Paper No. 11
Presentation Time: 4:15 PM


STROTHER, Paul K., Earth and Environmental Sciences, Boston College, Weston Observatory, 381 Concord Road, Weston, MA 02493,

The evolution of the land plants, beginning with bryophyte-grade cover in the Middle Cambrian and continuing with the Wenlockian origin of primary wood and the Givetian origin of secondary wood and trees, contributed to atmospheric CO2 drawdown via increased weathering, biomass sequestration and subsequent carbon burial. Thus, evolutionary novelty, in the form of woody tissue, ultimately lead to profound change in the physical global environment. The species and genus richness distribution of the acritarchs follows very closely the pCO2 GEOCARB III model. Speciation of phytoplankton during the Great Ordovician Biodiversification Event took place under relatively high dissolved CO2(aq) in algae that possessed low Rubisco efficiency. Thus, the early Paleozoic phytoplankton were not limited by CO2 availability.
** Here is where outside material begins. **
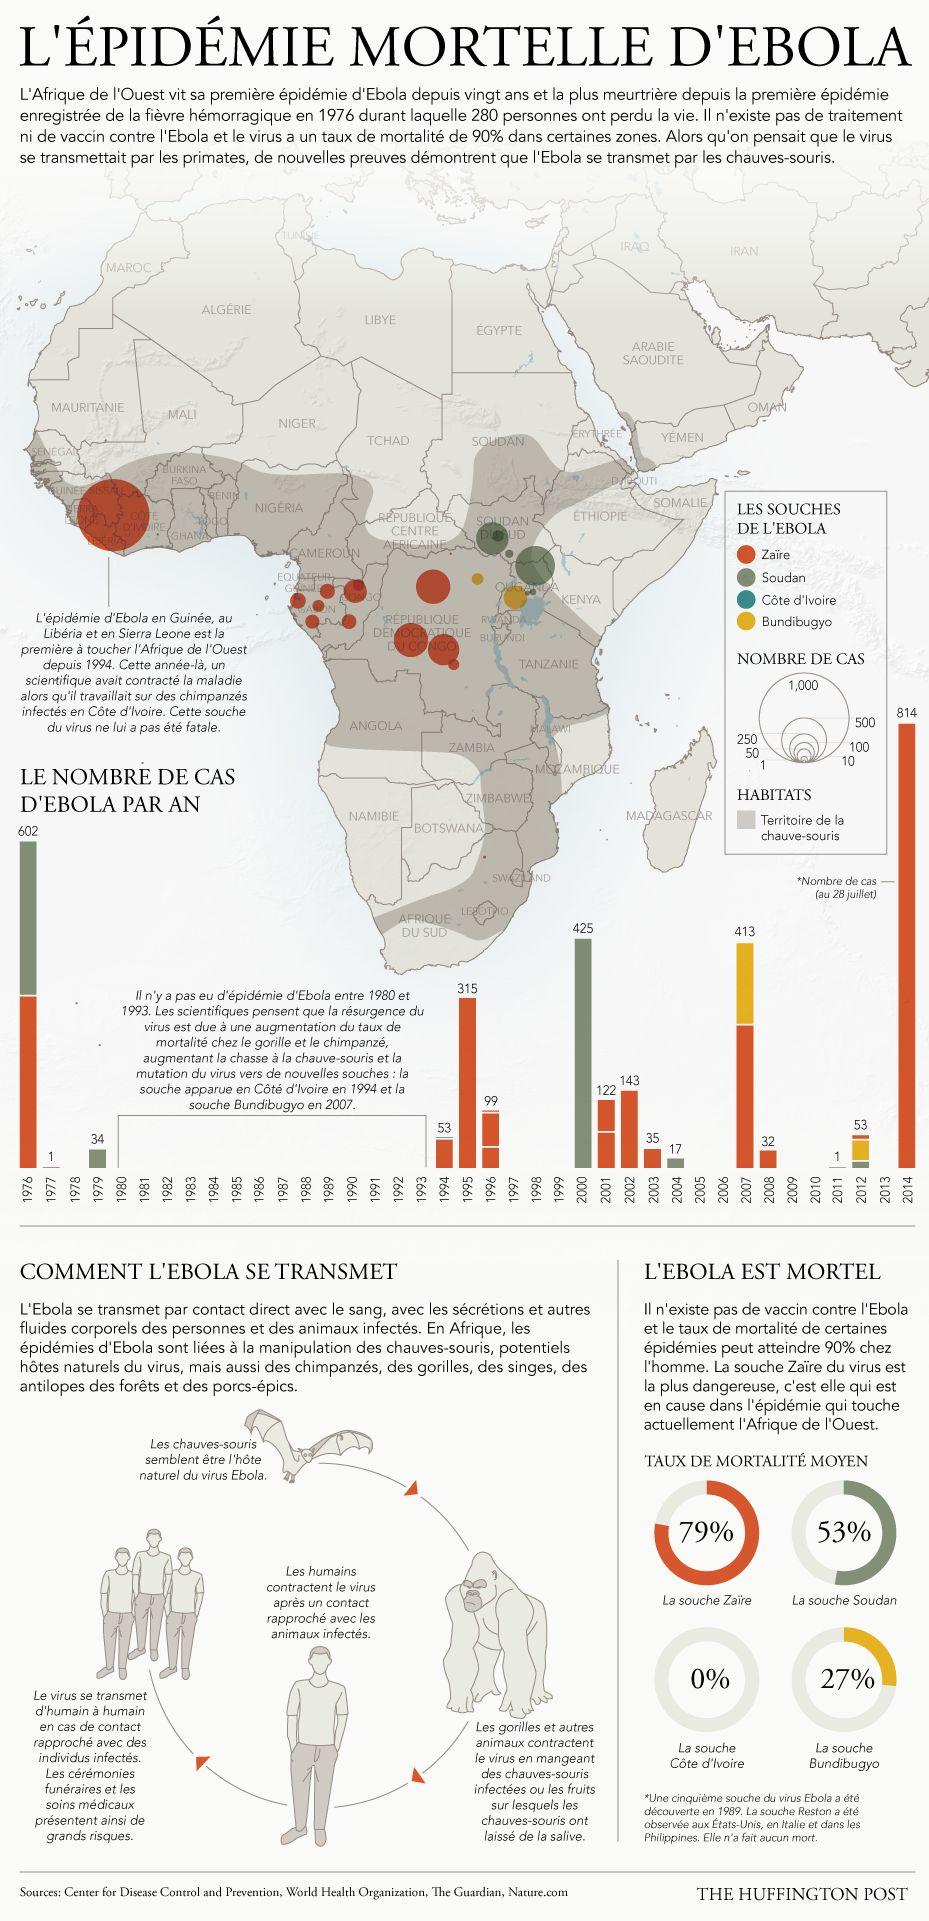 Virus Ebola : transmission, traitement, pays concernés, le point sur l'épidémie en une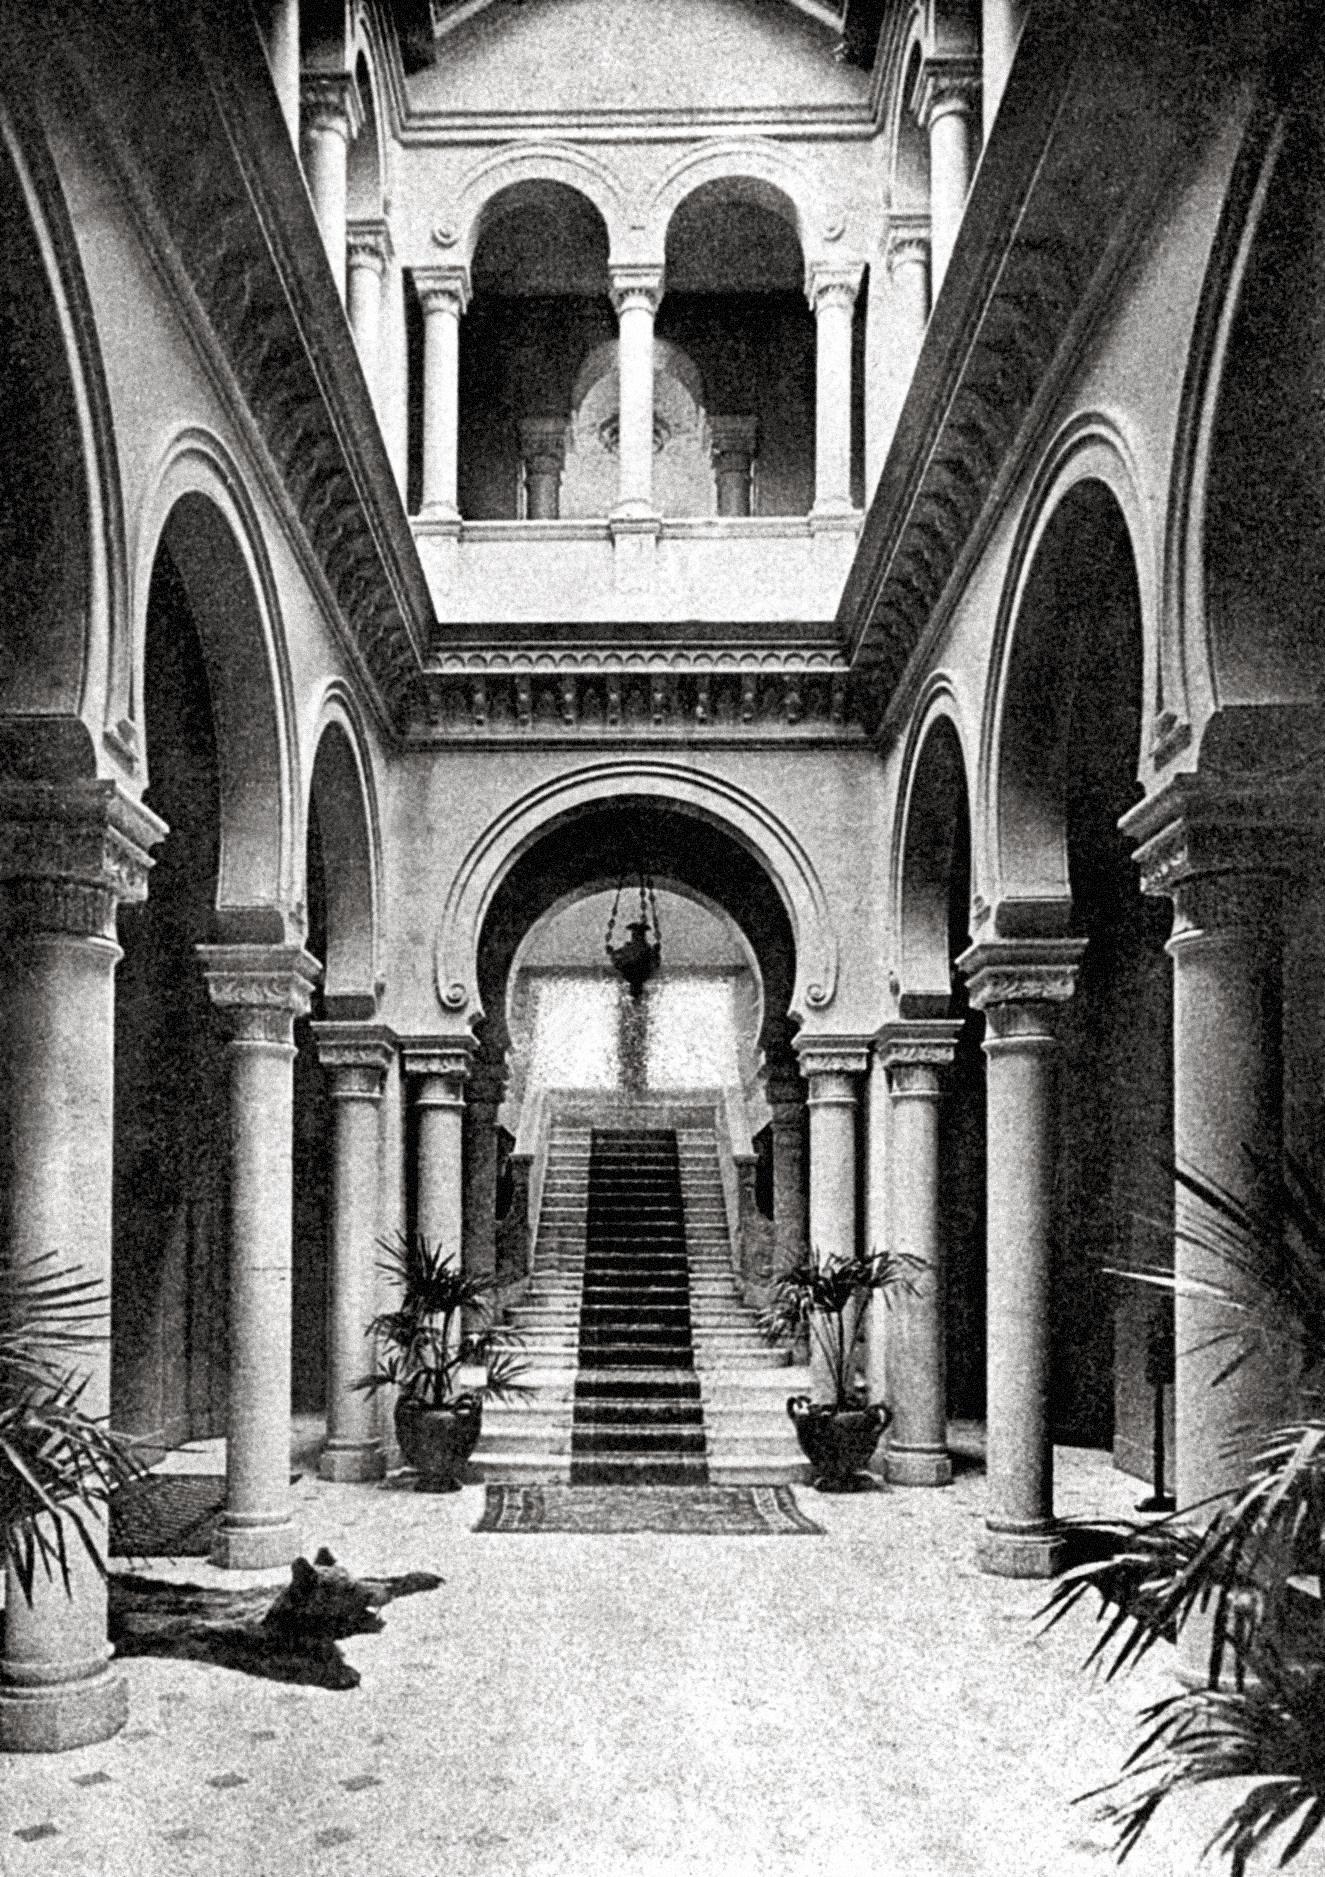 Le jardin d'hiver de la colossale villa Orlamonde, plus connue sous le nom de Maeterlinck.

Devonian phytoplankton, however, were subjected to a progressive decline in dissolved CO2(aq) which caused extinction in phytoplankton lineages with inefficient Rubisco and no Carbon Concentration Mechanisms (CCMs). The gradual loss of phytoplankton during the Devonian should have caused a progressive trophic collapse in marine ecosystems whose severity would have been greater in the zooplankton and nekton, than in the benthos, which is trophically buffered. This trophic collapse model predicts that the Devonian extinction was ecologically progressive, was fundamentally gradual in character, and was somewhat decoupled from benthonic invertebrate standing diversity. Intriguingly, this gradual acritarch “phytoplankton blackout” fits more recent diversity estimates which also document gradual Devonian extinction of marine invertebrates over the older catastrophic extinction models.